O cálculo do prejuízo causado pelo encalhe do Ever Given talvez nunca possa ser feito em sua totalidade, mas o impacto não foi pequeno, se considerarmos que ao menos US$ 3 bilhões de mercadorias por dia passam pelo canal. Mais do que isso, o acontecimento também vai, nos próximos meses, reverberar em mudanças graduais, mas que podem desenhar novas rotas. Na China, por exemplo, serviços de transporte por trem tiveram um pico na Rota da Seda após o incidente do Canal de Suez – com a capacidade de transporte completamente lotada até o final de maio.

Crise nas cadeias globais

O problema nas cadeias globais de Supply Chain vai além e, claro, esbarra no impacto causado pelo COVID-19. A pandemia trouxe caos ao setor de transporte marítimo e, recentemente, houve um substancial aumento de preços – sobretudo no transporte de contêineres. A alta ocorre sobretudo pelo tempo que os barcos têm ficado presos nos portos ao redor do mundo, em função do custo e da falta de mão de obra para carga e descarga. O atraso nos portos, claro, impacta o transporte e armazenagem terrestres, sendo repassado para produtos e commodities.

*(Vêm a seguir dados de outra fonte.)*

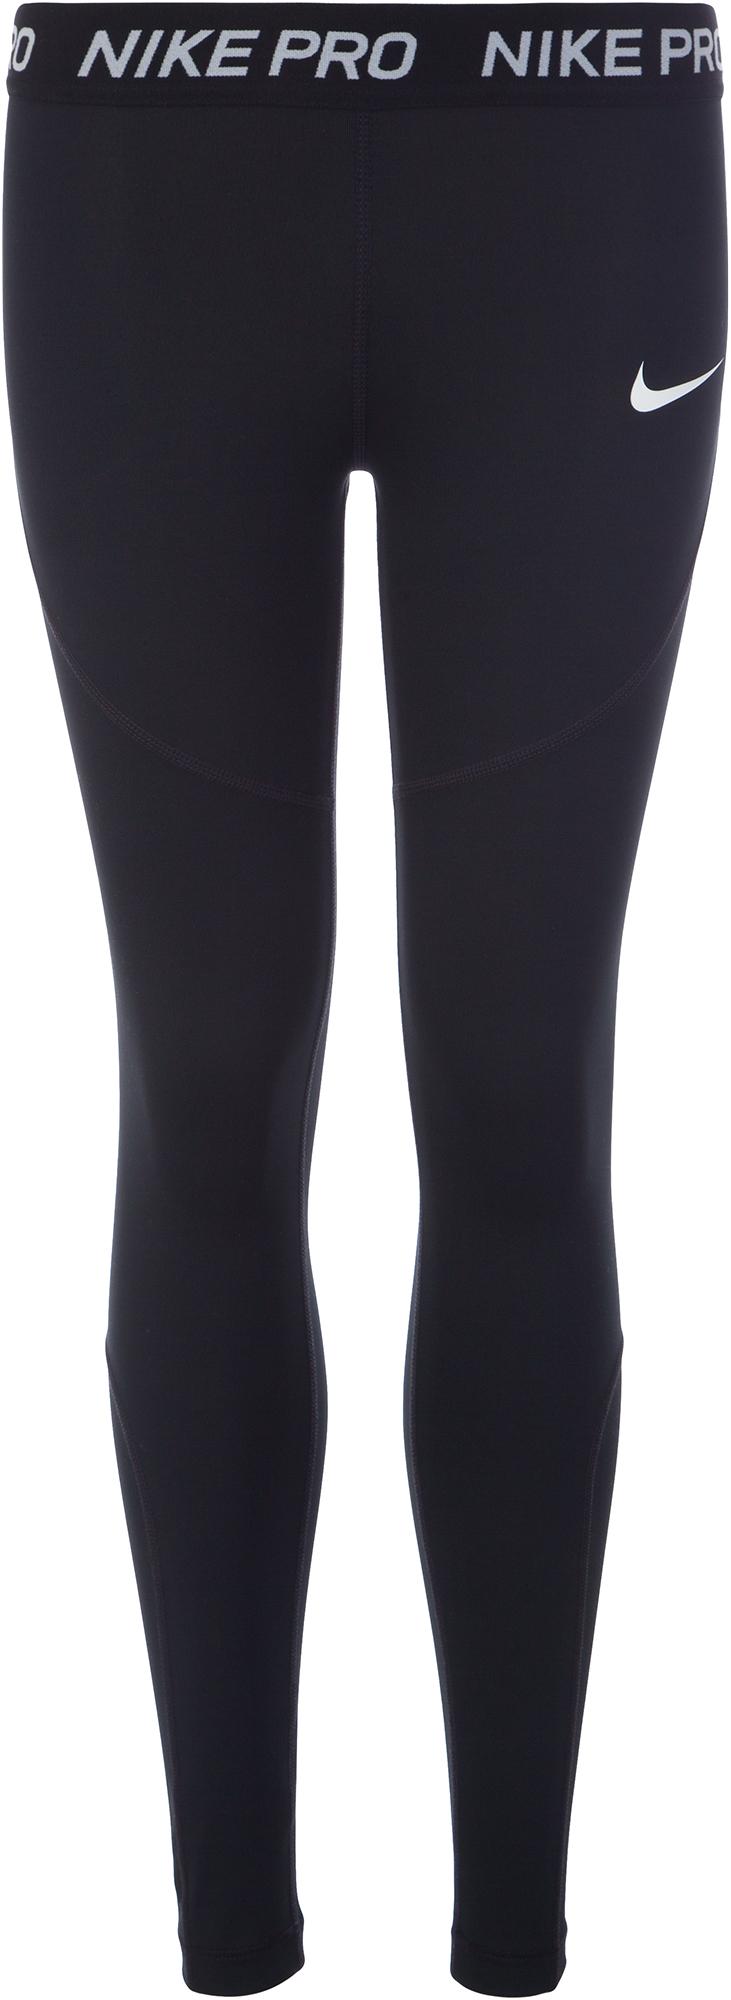 Nike Легинсы для девочек Nike Pro, размер 156-164 одежда для занятий баскетболом nike 005027 11 diy

Outro ponto para a crise no transporte marítimo foi a falta de contêineres – que começou, claro, com a pandemia. A falta de mão de obra disponível nos portos e a diminuição do número de navios em funcionamento foram coadjuvantes neste cenário – agravado no final do ano por uma mudança no comportamento do consumidor – levando a um aumento no influxo de bens exportados da Ásia para os Estados Unidos.

Com isso, centenas de contêineres ficaram presos em solo norte-americano, por conta das restrições de mão de obra. Hoje, ainda, de cada 10 contêineres parados nos EUA, apenas quatro retornaram para a Ásia.

Cenário brasileiro

No Brasil, o terceiro trimestre de 2020 registrou um aumento na movimentação portuária de 2,1%, quando comparado ao mesmo período de 2019.

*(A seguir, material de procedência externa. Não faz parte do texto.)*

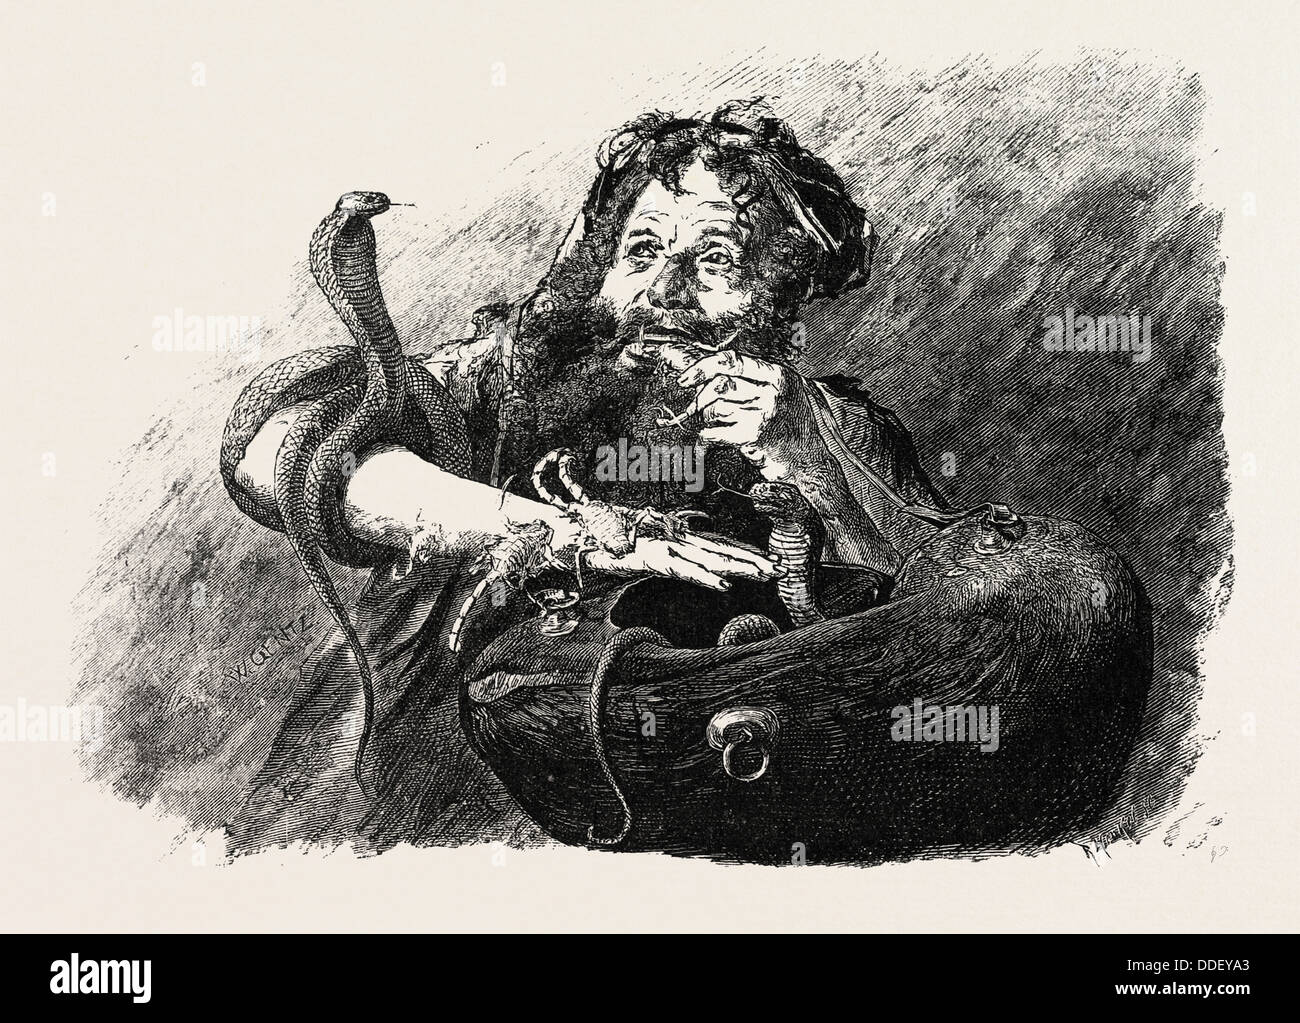 DERVISH EATING SCORPIONS.  Egypt, engraving 1879 - Stock Image

Apesar da alta, o aumento nos preços, atrasos e mudanças no itinerário de diversos navios atrapalha a logística dos portos e exportadores – que já operam em uma característica diferenciada devido à natureza comercial do Brasil – que compra muitos produtos manufaturados e exporta commodities. Estas últimas utilizam geralmente o transporte a granel e não contêineres – e as empresas que param no país para descarregar manufaturados preferem voltar com seus contêineres vazios, ao invés de “meio cheios”, visando um lucro maior no carregamento de produtos manufaturados para outras regiões.

Esses fatores atrapalham a exportação de diversos setores, como o de carne, e também a produção de manufaturados em solo nacional que dependem de produtos importados, como os setores têxtil e automobilístico.

A CNI divulgou recentemente um relatório em que aponta uma diminuição no número de operadores marítimos no país nos últimos anos, contribuindo para um cenário de pressão dos preços devido a menor concorrência. Há também a discussão sobre o projeto BR do Mar, que deve ser votado no final de abril, e visa permitir a utilização de navios estrangeiros para cabotagem em rotas nacionais e, assim, diminuir os custos com transporte no país com mais concorrência e menor necessidade de uso de caminhões para grandes viagens entre regiões costeiras. Embora pareça uma alternativa atrativa, há críticas ao projeto.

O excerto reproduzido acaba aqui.